Somewhere in the back room of this paper there's a "night editor" you can talk to. It isn't a chatbot calling an API in a data centre. It's a language model that downloads into your browser once and then runs entirely on your own hardware — no server, no key, nothing leaving your machine. I wanted to see how close that experience is to "good enough" in 2026. It's closer than most people think.
How it actually works
Three pieces make in-browser inference possible:
- WebGPU — the browser API that finally gives JavaScript real access to the GPU. This is the unlock. Without it you're stuck on WASM and CPU, which works but crawls.
- A compiled runtime — WebLLM (built on MLC/TVM) compiles model kernels to WebGPU shaders. Hugging Face's Transformers.js does a similar job via ONNX Runtime Web.
- A small, quantised model — the editor here is Qwen2.5 0.5B, 4-bit quantised, around 400 MB. It loads once, the browser caches the weights, and subsequent visits are instant.

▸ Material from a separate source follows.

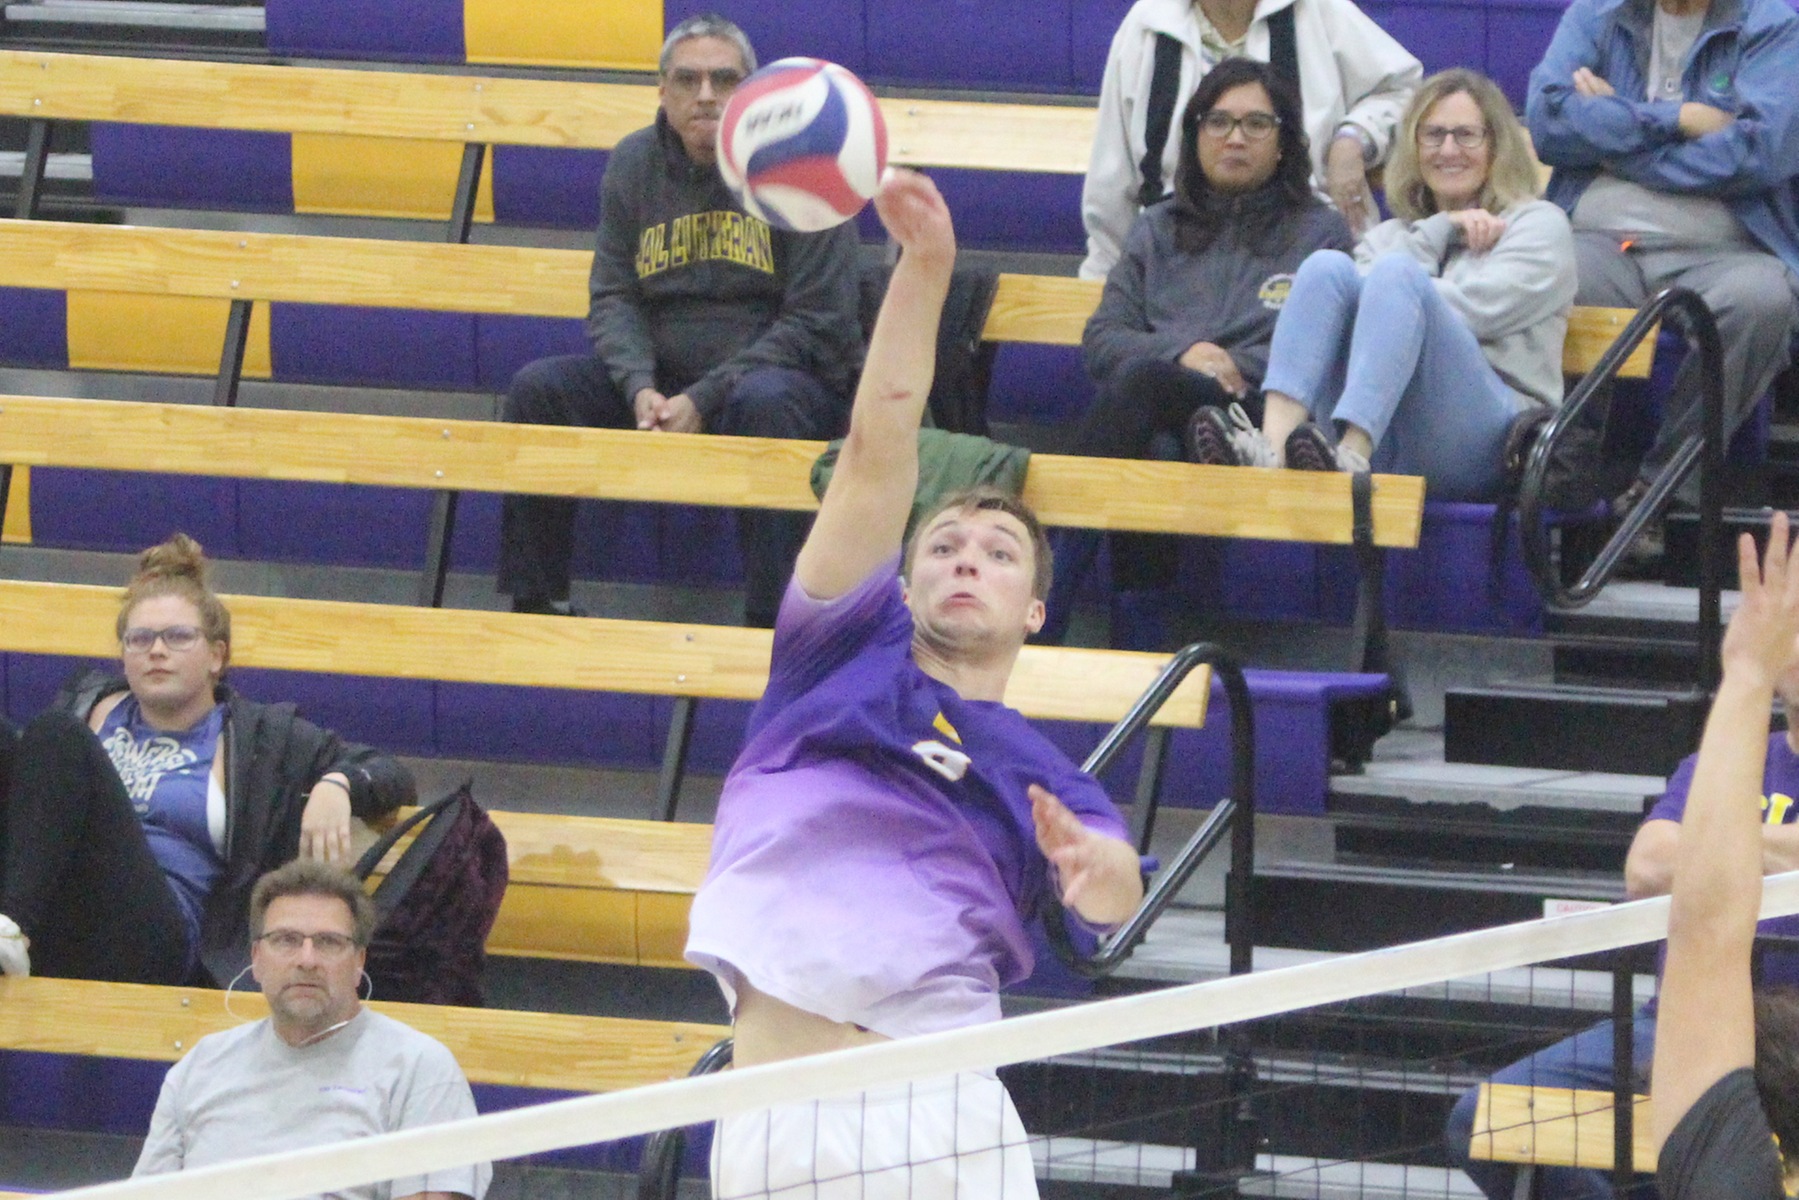 Patrick Rowe tallied 12 kills with a .476 hitting percentage as the Kingsmen swept the Cardinals.
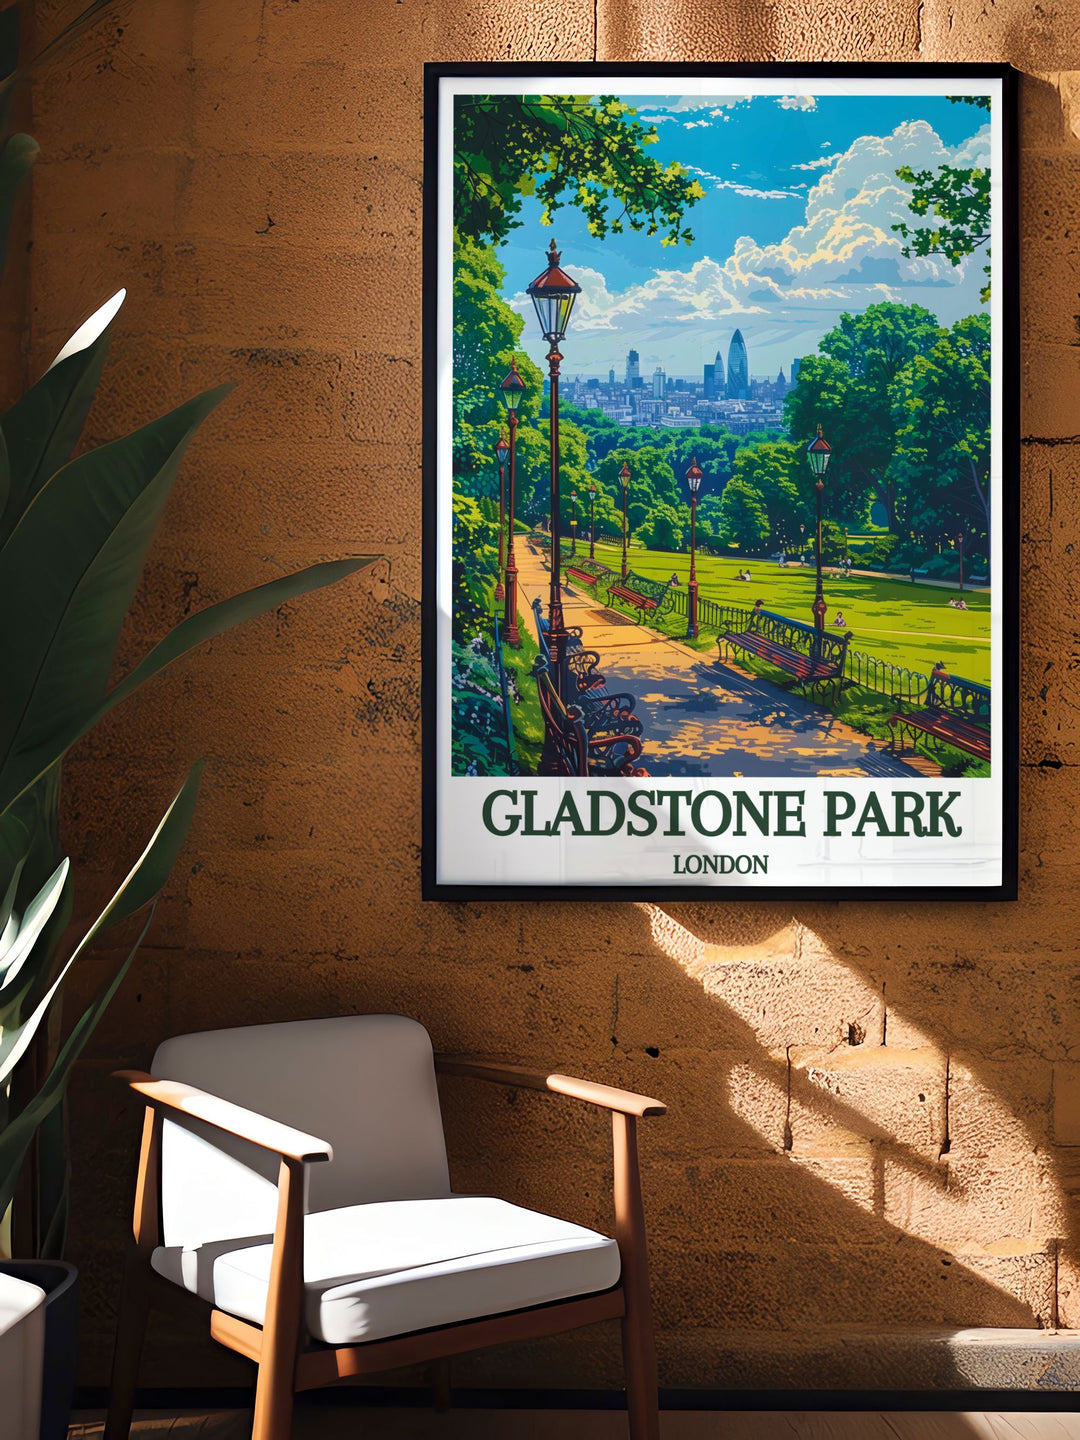 Framed art of Gladstone Park, emphasizing the parks lush landscapes and serene atmosphere, perfect for those who love the natural beauty and historical significance of London parks.

You call it with an OpenAI-shaped API (chat.completions.create, streaming and
all), except the tokens are being generated a few centimetres from your eyes
instead of in someone's cloud.
Why it's more than a gimmick
- Privacy by construction. The prompt never leaves the device. For anything sensitive — health notes, draft contracts, a journalling app — that's not a feature you bolt on, it's the architecture.
- No per-token cost, no rate limit. Once it's loaded it's yours. Great for toys, classrooms, and anything you don't want metered.
- Offline. Plane, train, dead Wi-Fi — it still answers.
- Latency floor. No network round-trip. Small models feel snappy.
Where it falls down
I'm not going to oversell it. A 0.5B model is small. It will confidently get facts wrong, lose the thread on long context, and it's nowhere near a frontier model. The first load is a few hundred megabytes, which is a lot to ask of a casual visitor. And it leans on WebGPU, so older browsers and weak GPUs are out.
The honest framing: client-side LLMs aren't a replacement for the big hosted models — they're a different tool. The right mental model is "a fast, private, free, slightly dim assistant that's always there," not "ChatGPT but local."
The bigger picture
This is the same shift that's been happening on phones — Gemini Nano in Chrome and on Pixels, Apple Intelligence on-device — just arriving in the open web where anyone can ship it without a backend. For a lot of small, private, latency- sensitive features, "the model runs in the tab" is about to be a perfectly reasonable answer.
Anyway — go wake the night editor and ask it something. It's not clever, but it's running on your computer, which is the whole point.